On a server that has been up for a few weeks you will get something like 9,000,000,000. Nine billion batch requests per second is a fun number to put on a status report, but it is not happening. That value is not a rate at all. It is a running total that has been climbing since the service started, and the “/sec” in the name is a promise the DMV does not keep on its own. To turn it into an actual rate you have to sample it twice and do the arithmetic yourself.

sys.dm_os_performance_counters is one of the most useful and most misread views in SQL Server. It exposes the same SQLServer:* counters you would otherwise pull from Performance Monitor, but it hands them to you raw, with no formatting and no hint about what kind of number each row contains. Read it naively and you will publish nonsense. Read the cntr_type column first and it becomes a precise, scriptable monitoring source you can capture over time without leaving T-SQL. This post is about doing the second thing.
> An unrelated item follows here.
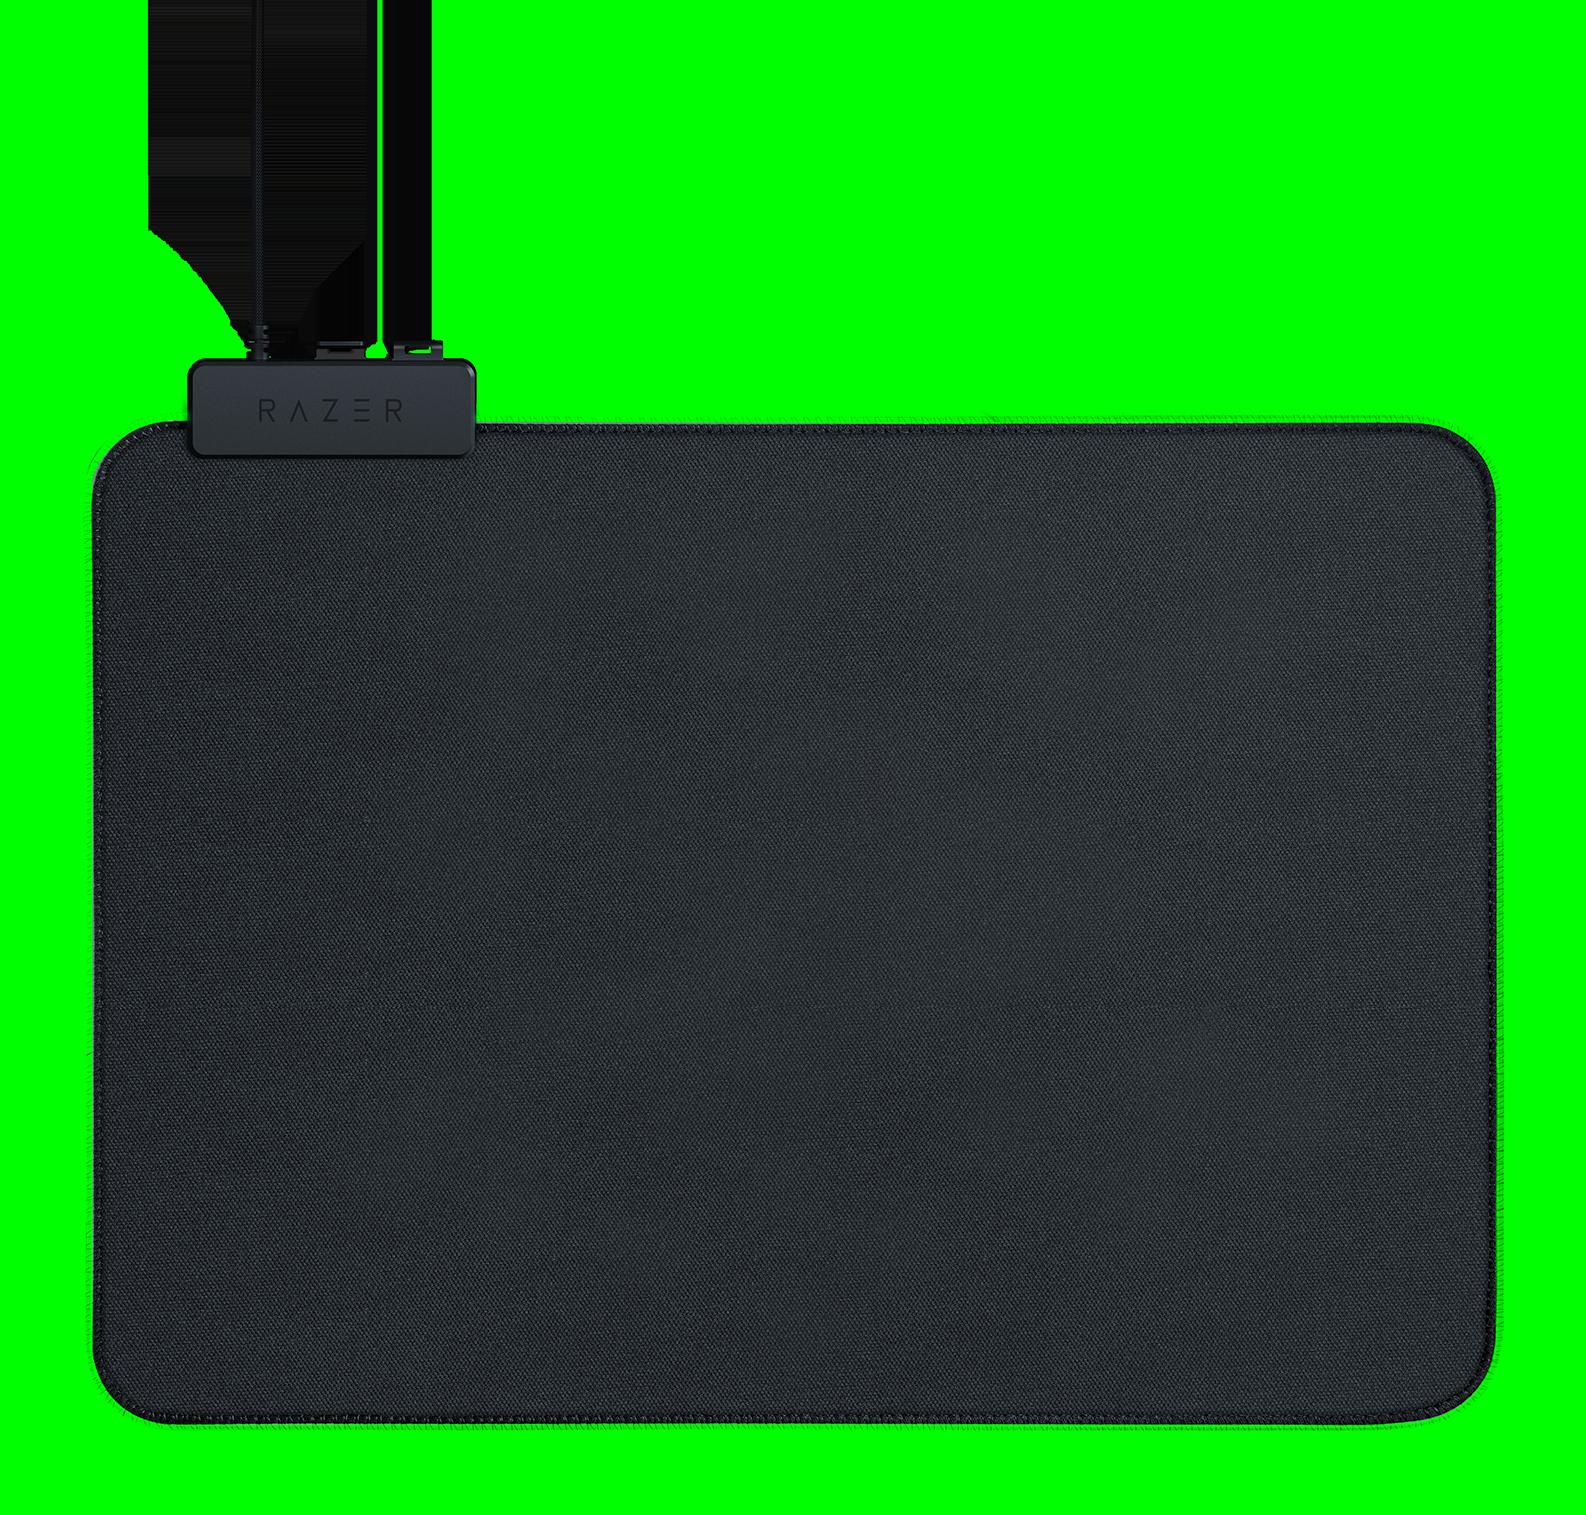 Buy Razer Goliathus Chroma Gaming Mouse Mat Microsoft Store

The DMV That Replaced sysperfinfo

If you have been doing this a while you may remember sys.sysperfinfo. It was deprecated and replaced by sys.dm_os_performance_counters, which is the supported way to read SQL Server’s performance counters from inside the engine.[1] Every row is one counter, and the columns that matter are:

  • object_name – the counter category, like SQLServer:Buffer Manager or SQLServer:SQL Statistics. On a named instance the prefix changes to MSSQL$InstanceName: instead of SQLServer:, which matters the moment you start filtering by it.
  • counter_name – the counter itself, like Page life expectancy. Be warned: these are stored in a fixed-width column and come back padded with trailing spaces, so an unqualified equality comparison can quietly miss.
  • instance_name – the sub-instance the counter applies to, such as a database name for the Databases object, or an empty string for global counters.
  • cntr_value – the raw value.
  • cntr_type – the WMI performance counter type, and the single most important column in the view. It tells you how to interpret cntr_value, and without it the value is just a number with no units.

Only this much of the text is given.